**Description of the task**
A faithful copy of all the data is the goal; omit the pictures.

━━━━━ Data extract

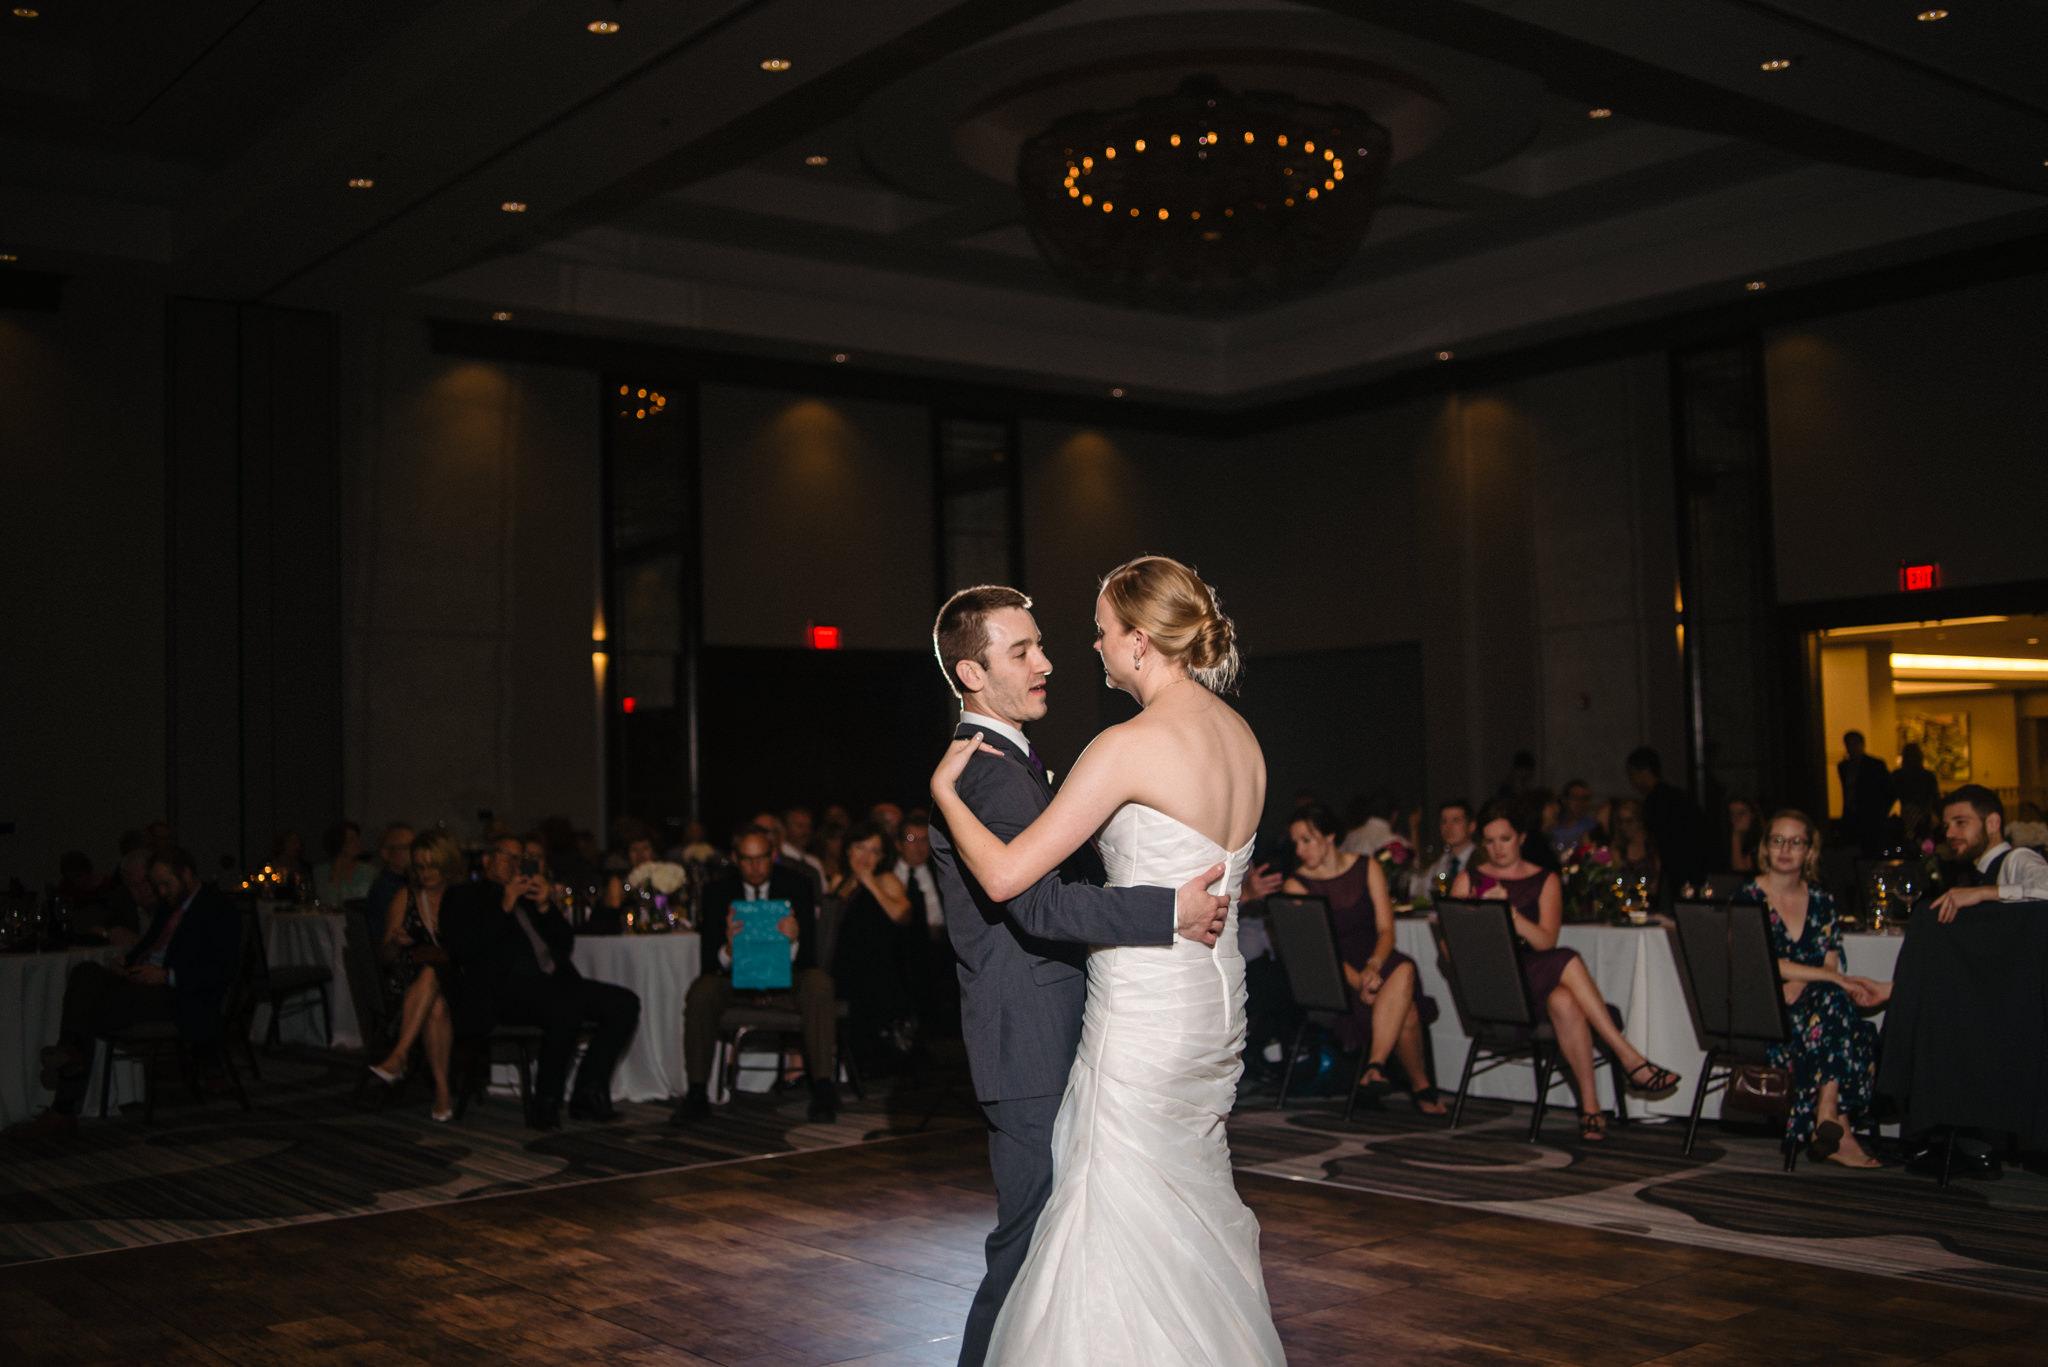 OMAHA-MARRIOTT-WEDDING-DOWNTOWN-MARRIOTT-OMAHA-WEDDING-PHOTOGRAPHER-JM-STUDIOS-041.jpg
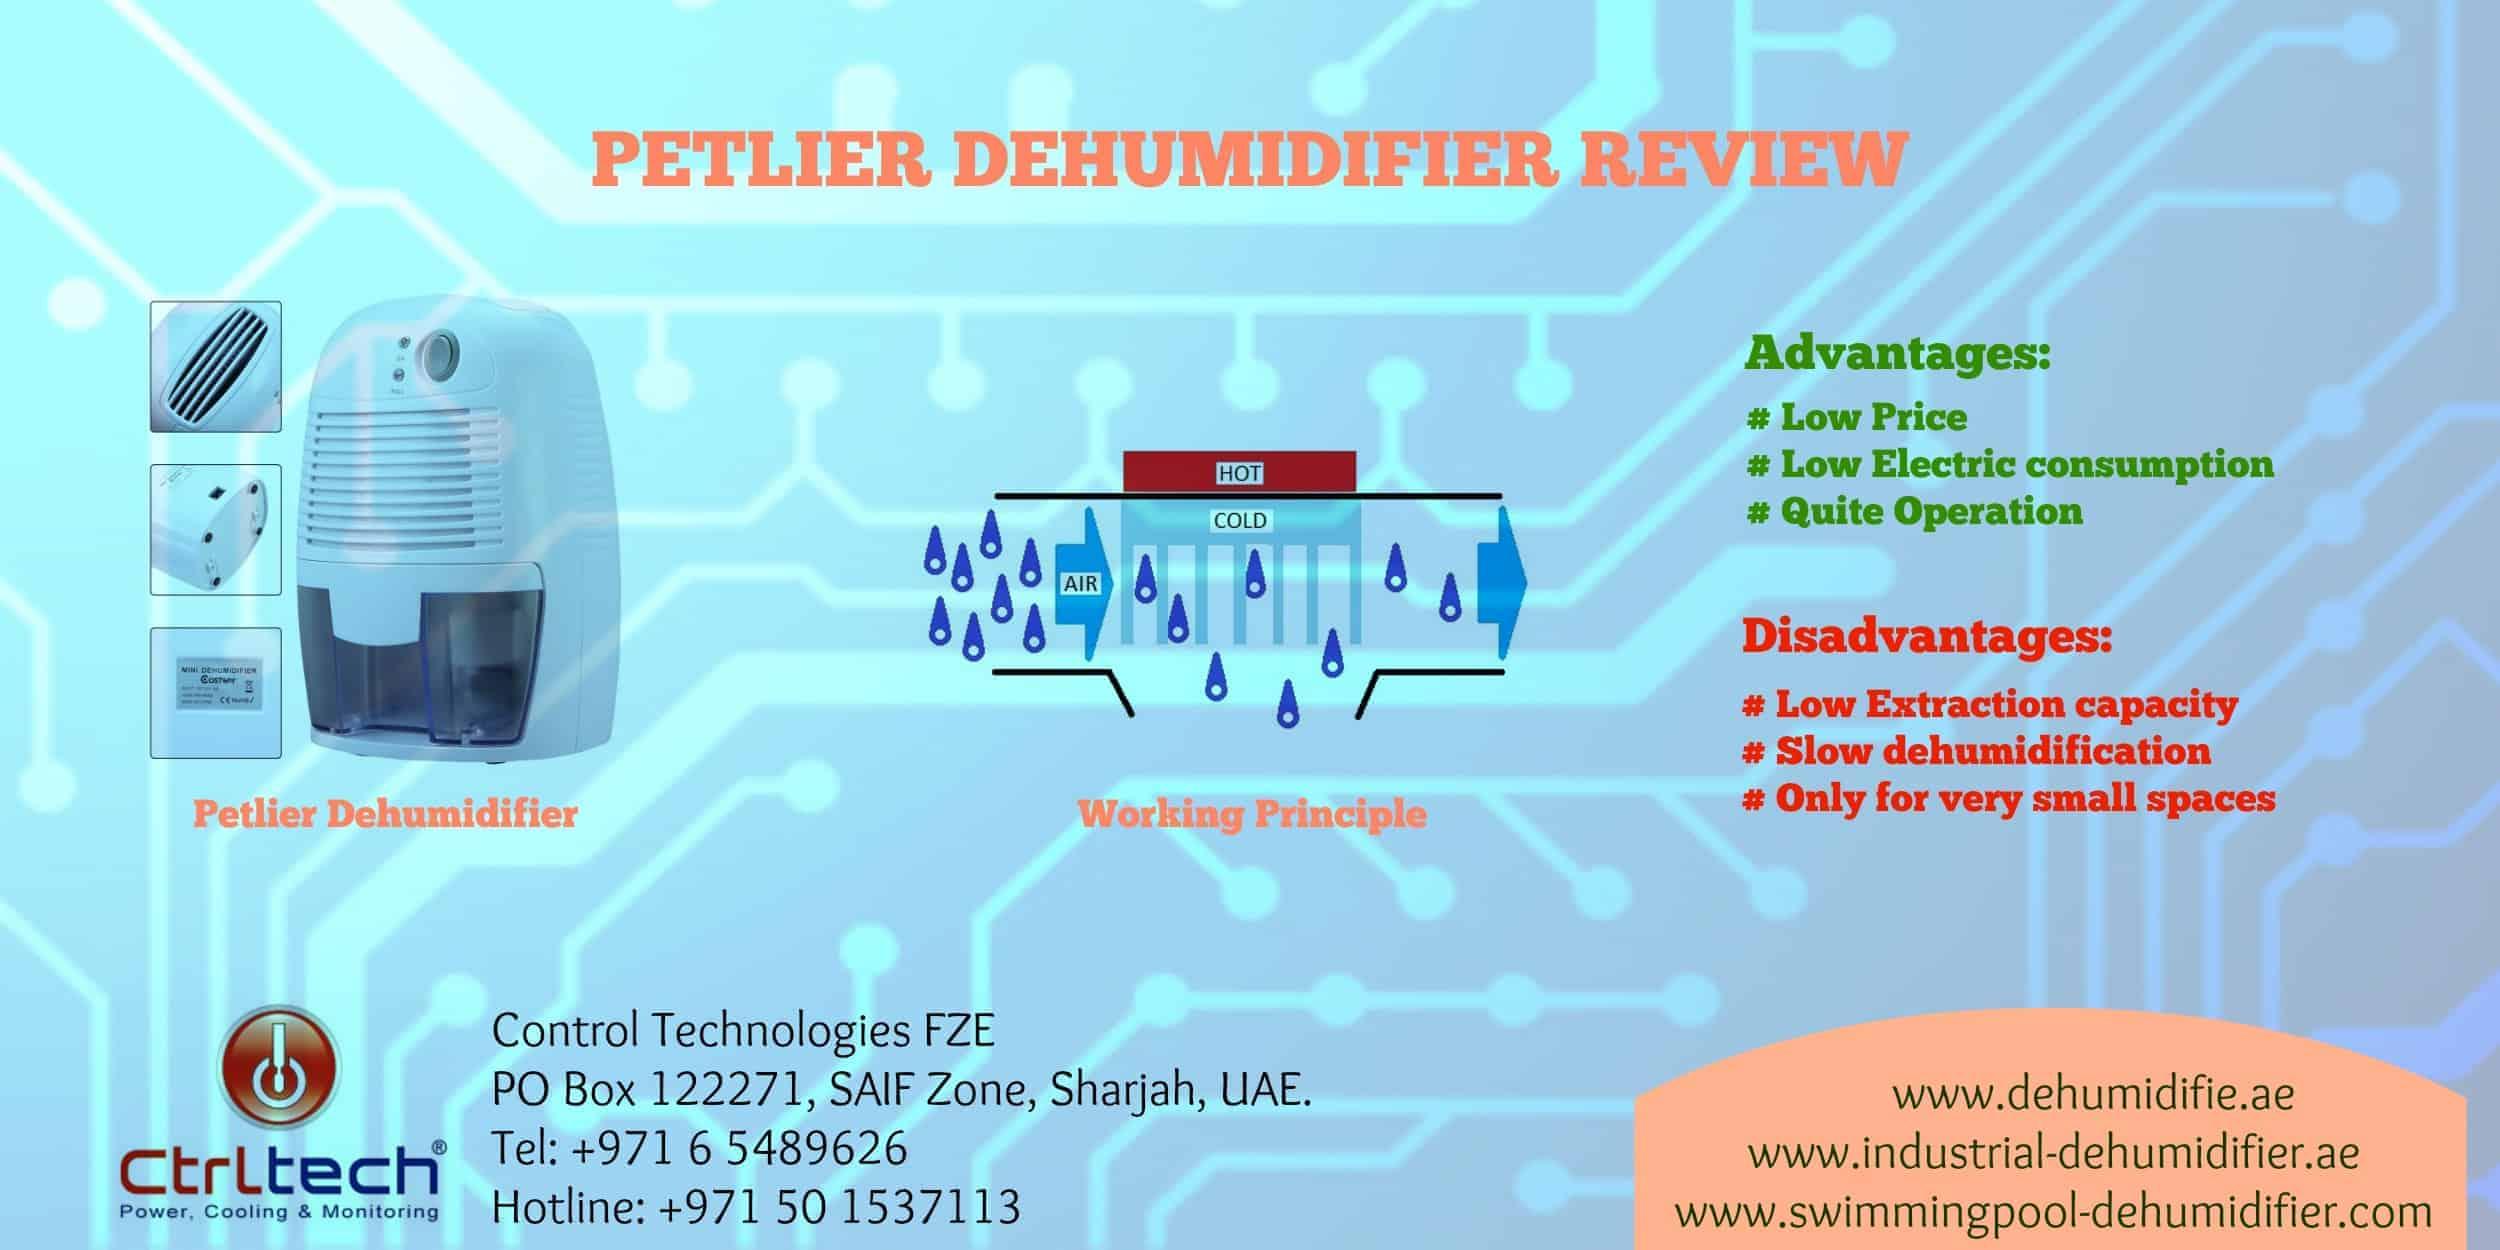 Petlier Dehumidifier reviews (Mini Dehumidifier)
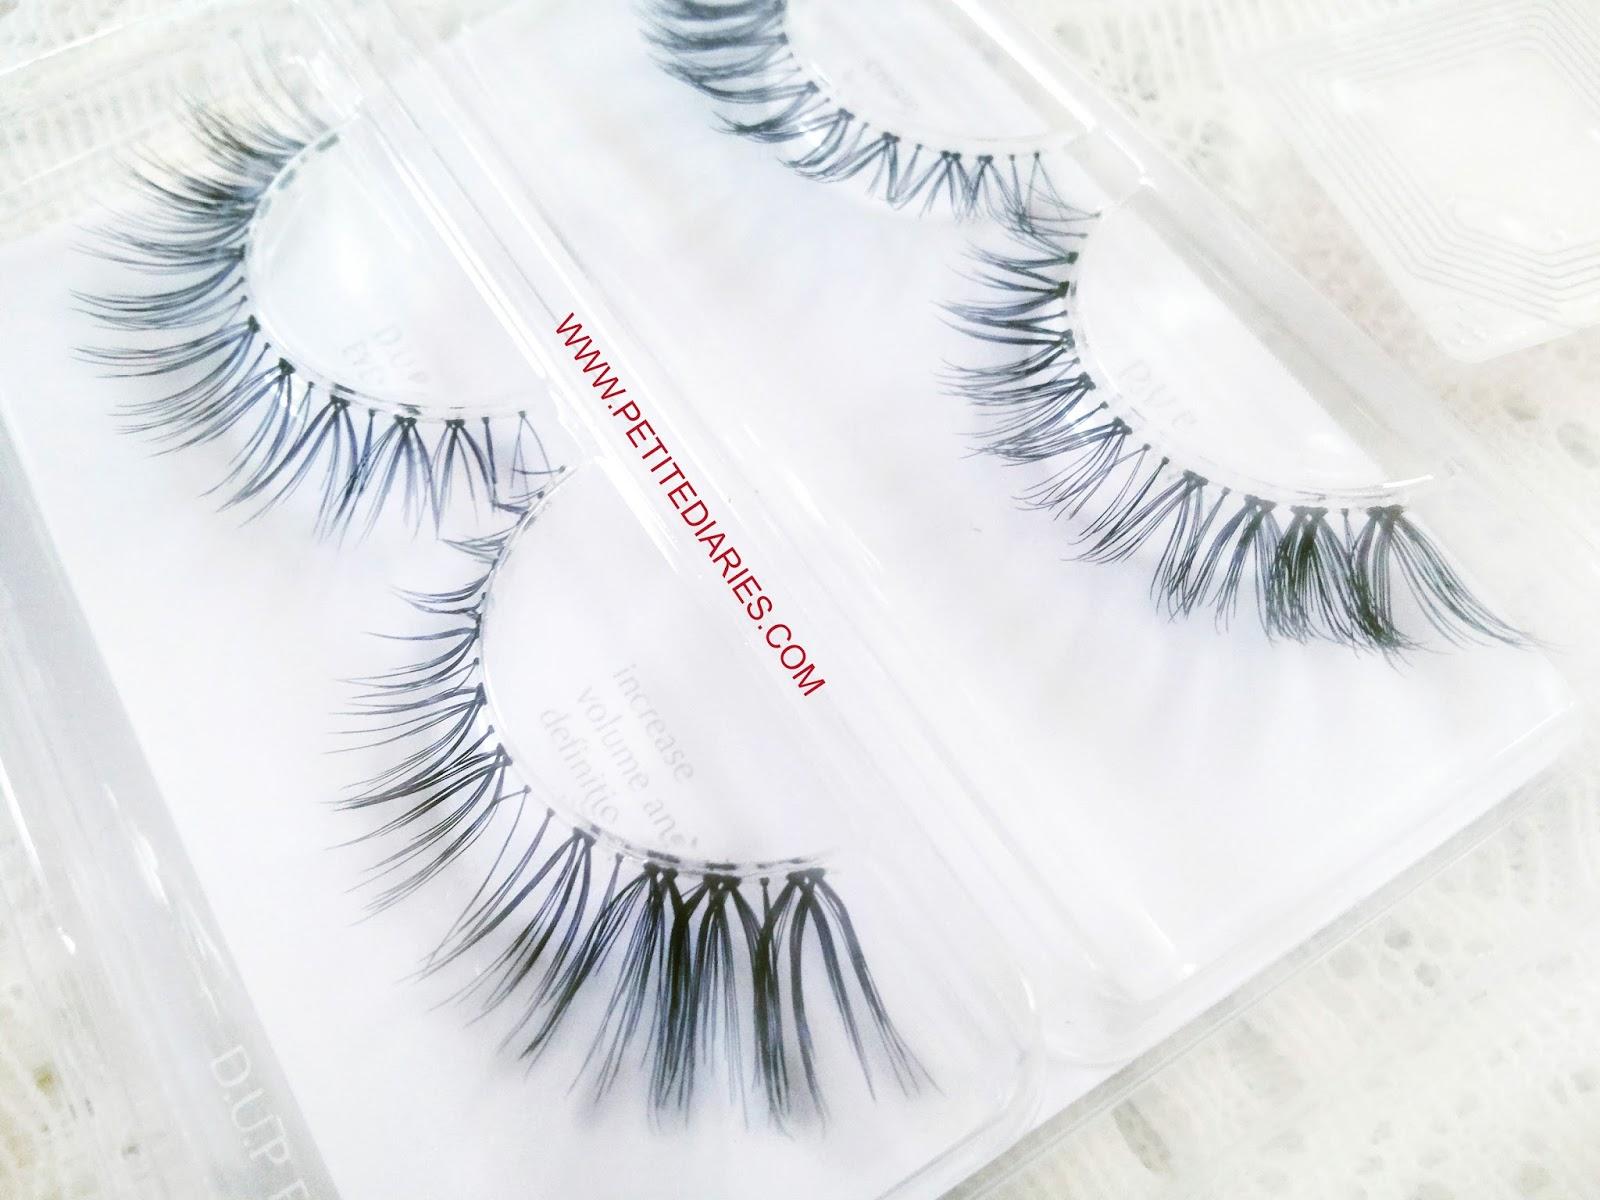 d.u.p eyelashes review

━━━━━━━━━━

**The completed task**
 OMAHA-MARRIOTT-WEDDING-DOWNTOWN-MARRIOTT-OMAHA-WEDDING-PHOTOGRAPHER-JM-STUDIOS-041.jpg
 Petlier Dehumidifier reviews (Mini Dehumidifier)
 d.u.p eyelashes review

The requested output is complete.